▶ [COLLECTED MATERIAL]

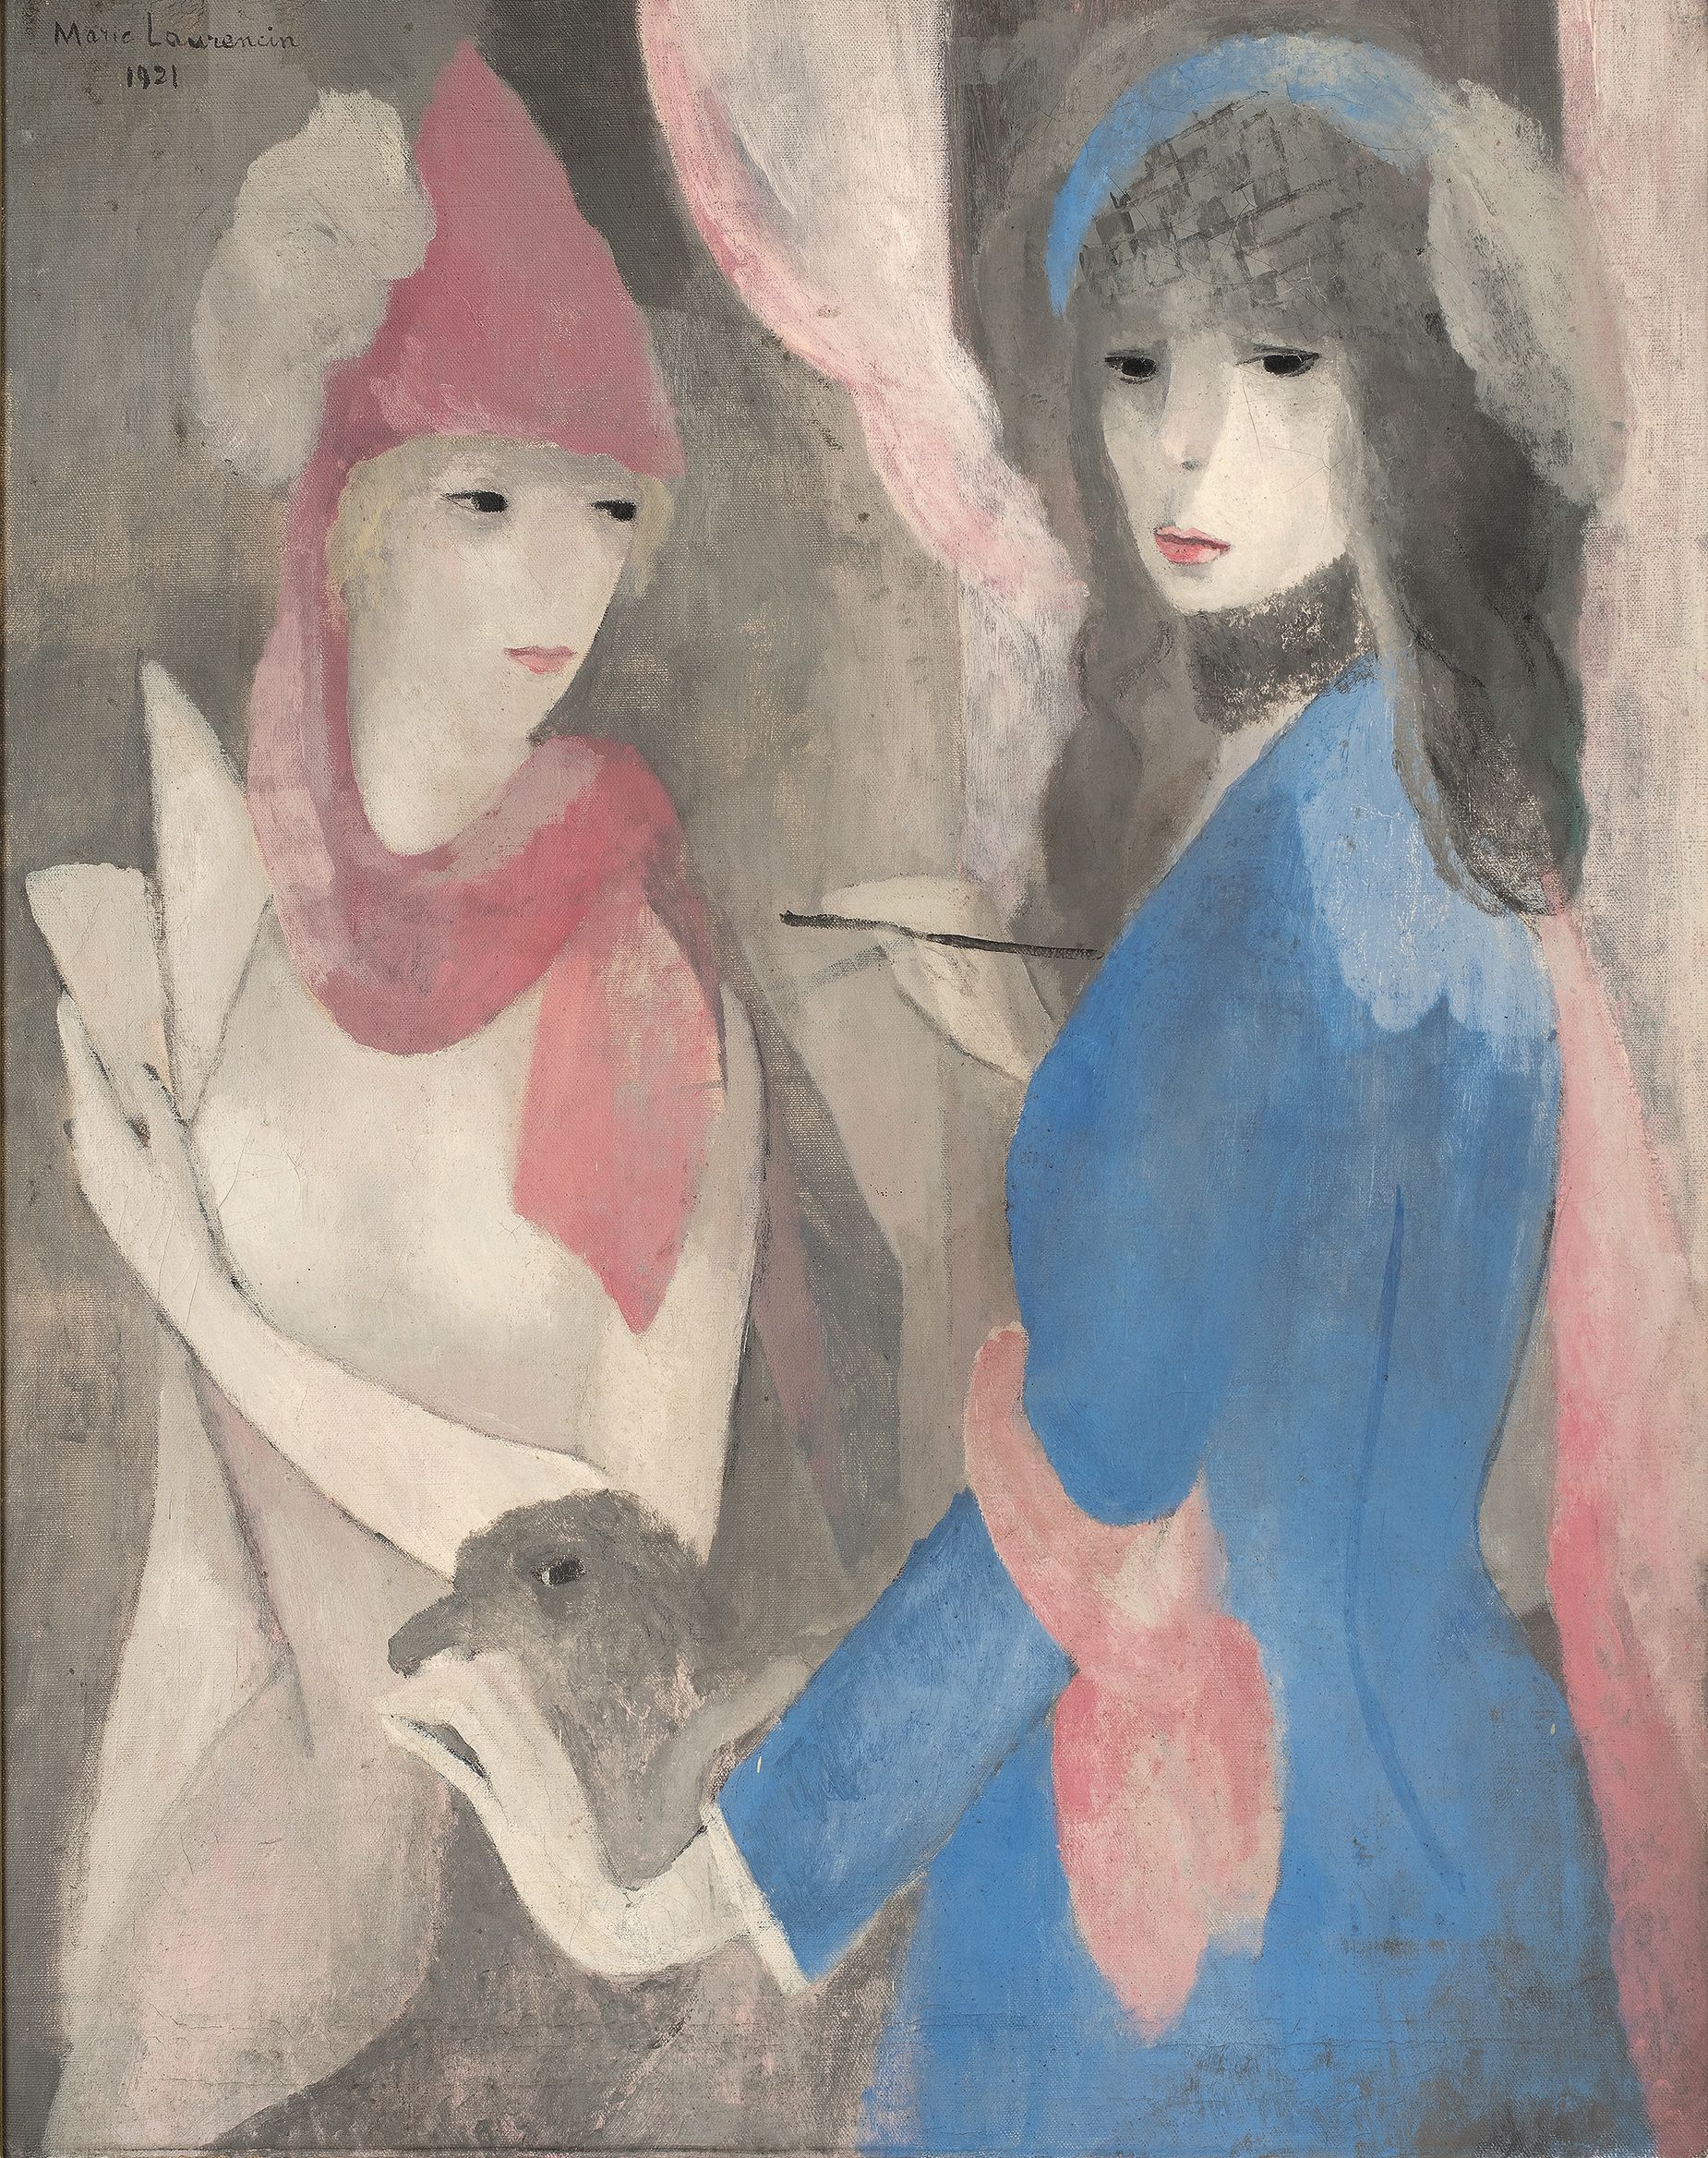 Woman Painter and Her Model (Femme
peintre et son modèle), 1921. François Odermatt Collection.
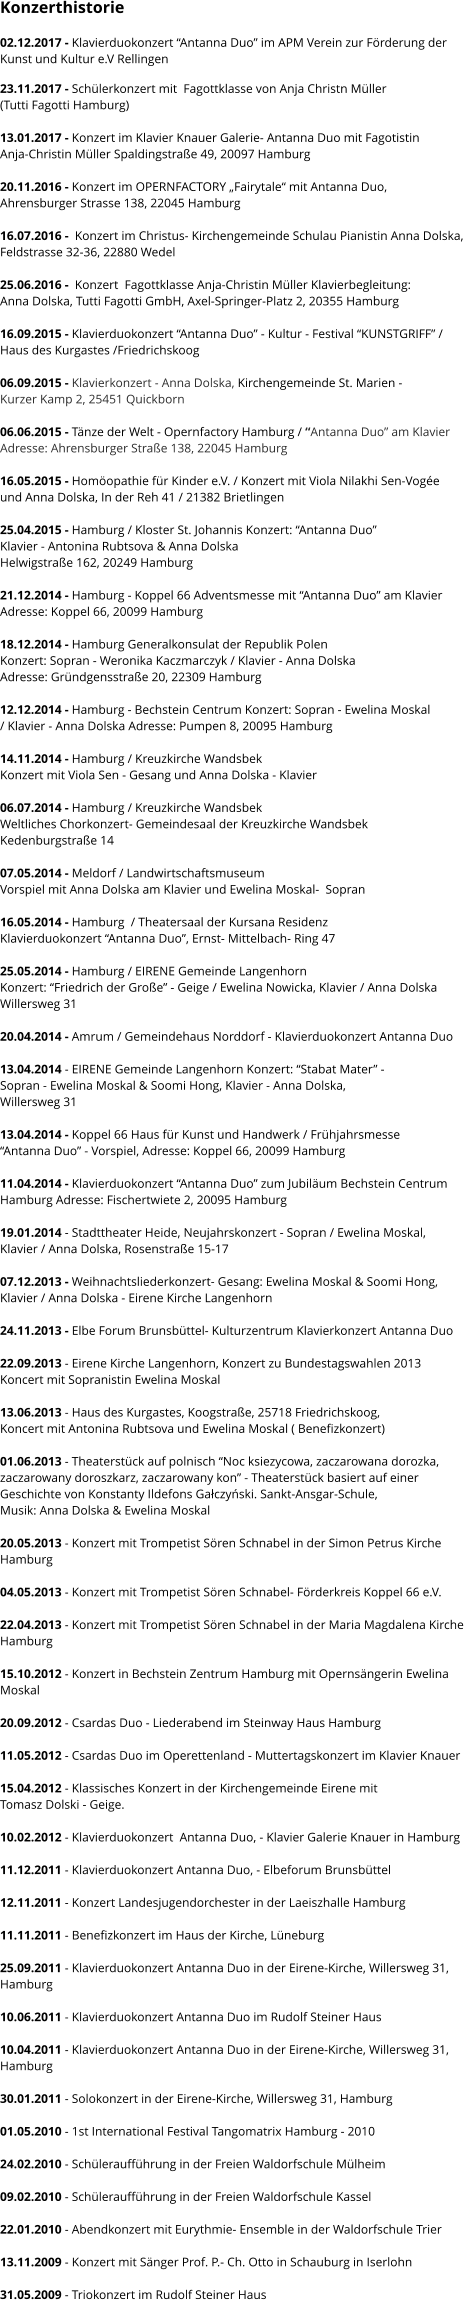 Konzerthistorie  02.12.2017 - Klavierduokonzert “Antanna Duo” im APM Verein zur Förderung der  Kunst und Kultur e.V Rellingen  23.11.2017 - Schülerkonzert mit  Fagottklasse von Anja Christn Müller  (Tutti Fagotti Hamburg)  13.01.2017 - Konzert im Klavier Knauer Galerie- Antanna Duo mit Fagotistin  Anja-Christin Müller Spaldingstraße 49, 20097 Hamburg  20.11.2016 - Konzert im OPERNFACTORY „Fairytale“ mit Antanna Duo,  Ahrensburger Strasse 138, 22045 Hamburg   16.07.2016 -  Konzert im Christus- Kirchengemeinde Schulau Pianistin Anna Dolska, Feldstrasse 32-36, 22880 Wedel   25.06.2016 -  Konzert  Fagottklasse Anja-Christin Müller Klavierbegleitung:  Anna Dolska, Tutti Fagotti GmbH, Axel-Springer-Platz 2, 20355 Hamburg  16.09.2015 - Klavierduokonzert “Antanna Duo” - Kultur - Festival “KUNSTGRIFF” /  Haus des Kurgastes /Friedrichskoog   06.09.2015 - Klavierkonzert - Anna Dolska, Kirchengemeinde St. Marien -  Kurzer Kamp 2, 25451 Quickborn  06.06.2015 - Tänze der Welt - Opernfactory Hamburg / “Antanna Duo” am Klavier Adresse: Ahrensburger Straße 138, 22045 Hamburg  16.05.2015 - Homöopathie für Kinder e.V. / Konzert mit Viola Nilakhi Sen-Vogée  und Anna Dolska, In der Reh 41 / 21382 Brietlingen  25.04.2015 - Hamburg / Kloster St. Johannis Konzert: “Antanna Duo”  Klavier - Antonina Rubtsova & Anna Dolska  Helwigstraße 162, 20249 Hamburg  21.12.2014 - Hamburg - Koppel 66 Adventsmesse mit “Antanna Duo” am Klavier  Adresse: Koppel 66, 20099 Hamburg   18.12.2014 - Hamburg Generalkonsulat der Republik Polen  Konzert: Sopran - Weronika Kaczmarczyk / Klavier - Anna Dolska  Adresse: Gründgensstraße 20, 22309 Hamburg   12.12.2014 - Hamburg - Bechstein Centrum Konzert: Sopran - Ewelina Moskal  / Klavier - Anna Dolska Adresse: Pumpen 8, 20095 Hamburg  14.11.2014 - Hamburg / Kreuzkirche Wandsbek Konzert mit Viola Sen - Gesang und Anna Dolska - Klavier  06.07.2014 - Hamburg / Kreuzkirche Wandsbek Weltliches Chorkonzert- Gemeindesaal der Kreuzkirche Wandsbek Kedenburgstraße 14  07.05.2014 - Meldorf / Landwirtschaftsmuseum Vorspiel mit Anna Dolska am Klavier und Ewelina Moskal-  Sopran  16.05.2014 - Hamburg  / Theatersaal der Kursana Residenz  Klavierduokonzert “Antanna Duo”, Ernst- Mittelbach- Ring 47  25.05.2014 - Hamburg / EIRENE Gemeinde Langenhorn  Konzert: “Friedrich der Große” - Geige / Ewelina Nowicka, Klavier / Anna Dolska Willersweg 31   20.04.2014 - Amrum / Gemeindehaus Norddorf - Klavierduokonzert Antanna Duo  13.04.2014 - EIRENE Gemeinde Langenhorn Konzert: “Stabat Mater” - Sopran - Ewelina Moskal & Soomi Hong, Klavier - Anna Dolska,  Willersweg 31  13.04.2014 - Koppel 66 Haus für Kunst und Handwerk / Frühjahrsmesse “Antanna Duo” - Vorspiel, Adresse: Koppel 66, 20099 Hamburg  11.04.2014 - Klavierduokonzert “Antanna Duo” zum Jubiläum Bechstein Centrum  Hamburg Adresse: Fischertwiete 2, 20095 Hamburg  19.01.2014 - Stadttheater Heide, Neujahrskonzert - Sopran / Ewelina Moskal,  Klavier / Anna Dolska, Rosenstraße 15-17  07.12.2013 - Weihnachtsliederkonzert- Gesang: Ewelina Moskal & Soomi Hong,  Klavier / Anna Dolska - Eirene Kirche Langenhorn  24.11.2013 - Elbe Forum Brunsbüttel- Kulturzentrum Klavierkonzert Antanna Duo  22.09.2013 - Eirene Kirche Langenhorn, Konzert zu Bundestagswahlen 2013 Koncert mit Sopranistin Ewelina Moskal  13.06.2013 - Haus des Kurgastes, Koogstraße, 25718 Friedrichskoog, Koncert mit Antonina Rubtsova und Ewelina Moskal ( Benefizkonzert)  01.06.2013 - Theaterstück auf polnisch “Noc ksiezycowa, zaczarowana dorozka,  zaczarowany doroszkarz, zaczarowany kon” - Theaterstück basiert auf einer Geschichte von Konstanty Ildefons Gałczyński. Sankt-Ansgar-Schule,  Musik: Anna Dolska & Ewelina Moskal  20.05.2013 - Konzert mit Trompetist Sören Schnabel in der Simon Petrus Kirche  Hamburg  04.05.2013 - Konzert mit Trompetist Sören Schnabel- Förderkreis Koppel 66 e.V.    22.04.2013 - Konzert mit Trompetist Sören Schnabel in der Maria Magdalena Kirche  Hamburg      15.10.2012 - Konzert in Bechstein Zentrum Hamburg mit Opernsängerin Ewelina  Moskal  20.09.2012 - Csardas Duo - Liederabend im Steinway Haus Hamburg  11.05.2012 - Csardas Duo im Operettenland - Muttertagskonzert im Klavier Knauer  15.04.2012 - Klassisches Konzert in der Kirchengemeinde Eirene mit  Tomasz Dolski - Geige.  10.02.2012 - Klavierduokonzert  Antanna Duo, - Klavier Galerie Knauer in Hamburg  11.12.2011 - Klavierduokonzert Antanna Duo, - Elbeforum Brunsbüttel  12.11.2011 - Konzert Landesjugendorchester in der Laeiszhalle Hamburg  11.11.2011 - Benefizkonzert im Haus der Kirche, Lüneburg  25.09.2011 - Klavierduokonzert Antanna Duo in der Eirene-Kirche, Willersweg 31,  Hamburg  10.06.2011 - Klavierduokonzert Antanna Duo im Rudolf Steiner Haus  10.04.2011 - Klavierduokonzert Antanna Duo in der Eirene-Kirche, Willersweg 31,  Hamburg  30.01.2011 - Solokonzert in der Eirene-Kirche, Willersweg 31, Hamburg  01.05.2010 - 1st International Festival Tangomatrix Hamburg - 2010  24.02.2010 - Schüleraufführung in der Freien Waldorfschule Mülheim  09.02.2010 - Schüleraufführung in der Freien Waldorfschule Kassel  22.01.2010 - Abendkonzert mit Eurythmie- Ensemble in der Waldorfschule Trier  13.11.2009 - Konzert mit Sänger Prof. P.- Ch. Otto in Schauburg in Iserlohn  31.05.2009 - Triokonzert im Rudolf Steiner Haus

▶ [WORK TO COMPLETE]
Retype each line of the data exactly, beginning with the first; include the line containing "peintre et son" and stop there, skipping every picture.

▶ [ANSWER]
 Woman Painter and Her Model (Femme
peintre et son modèle), 1921. François Odermatt Collection.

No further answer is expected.